-- Task brief --
Without changing a single word, write out every entry.
■ ■ ■ ■ ■
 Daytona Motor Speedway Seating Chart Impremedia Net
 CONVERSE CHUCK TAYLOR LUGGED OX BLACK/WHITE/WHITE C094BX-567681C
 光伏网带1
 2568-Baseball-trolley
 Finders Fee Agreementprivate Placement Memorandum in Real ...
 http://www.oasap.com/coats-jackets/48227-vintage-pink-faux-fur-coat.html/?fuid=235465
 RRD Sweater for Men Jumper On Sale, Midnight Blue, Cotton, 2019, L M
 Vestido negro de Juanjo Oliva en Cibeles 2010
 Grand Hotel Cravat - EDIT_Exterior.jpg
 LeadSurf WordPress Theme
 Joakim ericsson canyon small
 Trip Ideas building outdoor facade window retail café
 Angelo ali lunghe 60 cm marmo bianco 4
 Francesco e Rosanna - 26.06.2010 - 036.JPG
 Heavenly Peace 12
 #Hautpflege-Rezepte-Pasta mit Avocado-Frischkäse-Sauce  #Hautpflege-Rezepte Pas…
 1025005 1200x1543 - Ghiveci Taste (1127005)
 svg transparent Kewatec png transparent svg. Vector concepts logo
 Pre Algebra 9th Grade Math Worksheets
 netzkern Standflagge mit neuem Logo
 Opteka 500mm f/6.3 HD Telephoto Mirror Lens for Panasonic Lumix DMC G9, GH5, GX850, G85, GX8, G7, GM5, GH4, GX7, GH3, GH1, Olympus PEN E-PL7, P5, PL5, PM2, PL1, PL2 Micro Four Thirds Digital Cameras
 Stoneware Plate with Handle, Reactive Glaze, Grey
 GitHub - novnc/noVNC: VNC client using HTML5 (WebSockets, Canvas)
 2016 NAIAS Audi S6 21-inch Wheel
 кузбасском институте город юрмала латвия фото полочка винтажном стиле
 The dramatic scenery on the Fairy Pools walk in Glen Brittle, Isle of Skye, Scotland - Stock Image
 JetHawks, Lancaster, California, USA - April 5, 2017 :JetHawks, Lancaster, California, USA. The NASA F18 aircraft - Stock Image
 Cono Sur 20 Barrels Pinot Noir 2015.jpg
■ ■ ■ ■ ■
-- Task result --
 Daytona Motor Speedway Seating Chart Impremedia Net
 CONVERSE CHUCK TAYLOR LUGGED OX BLACK/WHITE/WHITE C094BX-567681C
 光伏网带1
 2568-Baseball-trolley
 Finders Fee Agreementprivate Placement Memorandum in Real ...
 http://www.oasap.com/coats-jackets/48227-vintage-pink-faux-fur-coat.html/?fuid=235465
 RRD Sweater for Men Jumper On Sale, Midnight Blue, Cotton, 2019, L M
 Vestido negro de Juanjo Oliva en Cibeles 2010
 Grand Hotel Cravat - EDIT_Exterior.jpg
 LeadSurf WordPress Theme
 Joakim ericsson canyon small
 Trip Ideas building outdoor facade window retail café
 Angelo ali lunghe 60 cm marmo bianco 4
 Francesco e Rosanna - 26.06.2010 - 036.JPG
 Heavenly Peace 12
 #Hautpflege-Rezepte-Pasta mit Avocado-Frischkäse-Sauce  #Hautpflege-Rezepte Pas…
 1025005 1200x1543 - Ghiveci Taste (1127005)
 svg transparent Kewatec png transparent svg. Vector concepts logo
 Pre Algebra 9th Grade Math Worksheets
 netzkern Standflagge mit neuem Logo
 Opteka 500mm f/6.3 HD Telephoto Mirror Lens for Panasonic Lumix DMC G9, GH5, GX850, G85, GX8, G7, GM5, GH4, GX7, GH3, GH1, Olympus PEN E-PL7, P5, PL5, PM2, PL1, PL2 Micro Four Thirds Digital Cameras
 Stoneware Plate with Handle, Reactive Glaze, Grey
 GitHub - novnc/noVNC: VNC client using HTML5 (WebSockets, Canvas)
 2016 NAIAS Audi S6 21-inch Wheel
 кузбасском институте город юрмала латвия фото полочка винтажном стиле
 The dramatic scenery on the Fairy Pools walk in Glen Brittle, Isle of Skye, Scotland - Stock Image
 JetHawks, Lancaster, California, USA - April 5, 2017 :JetHawks, Lancaster, California, USA. The NASA F18 aircraft - Stock Image
 Cono Sur 20 Barrels Pinot Noir 2015.jpg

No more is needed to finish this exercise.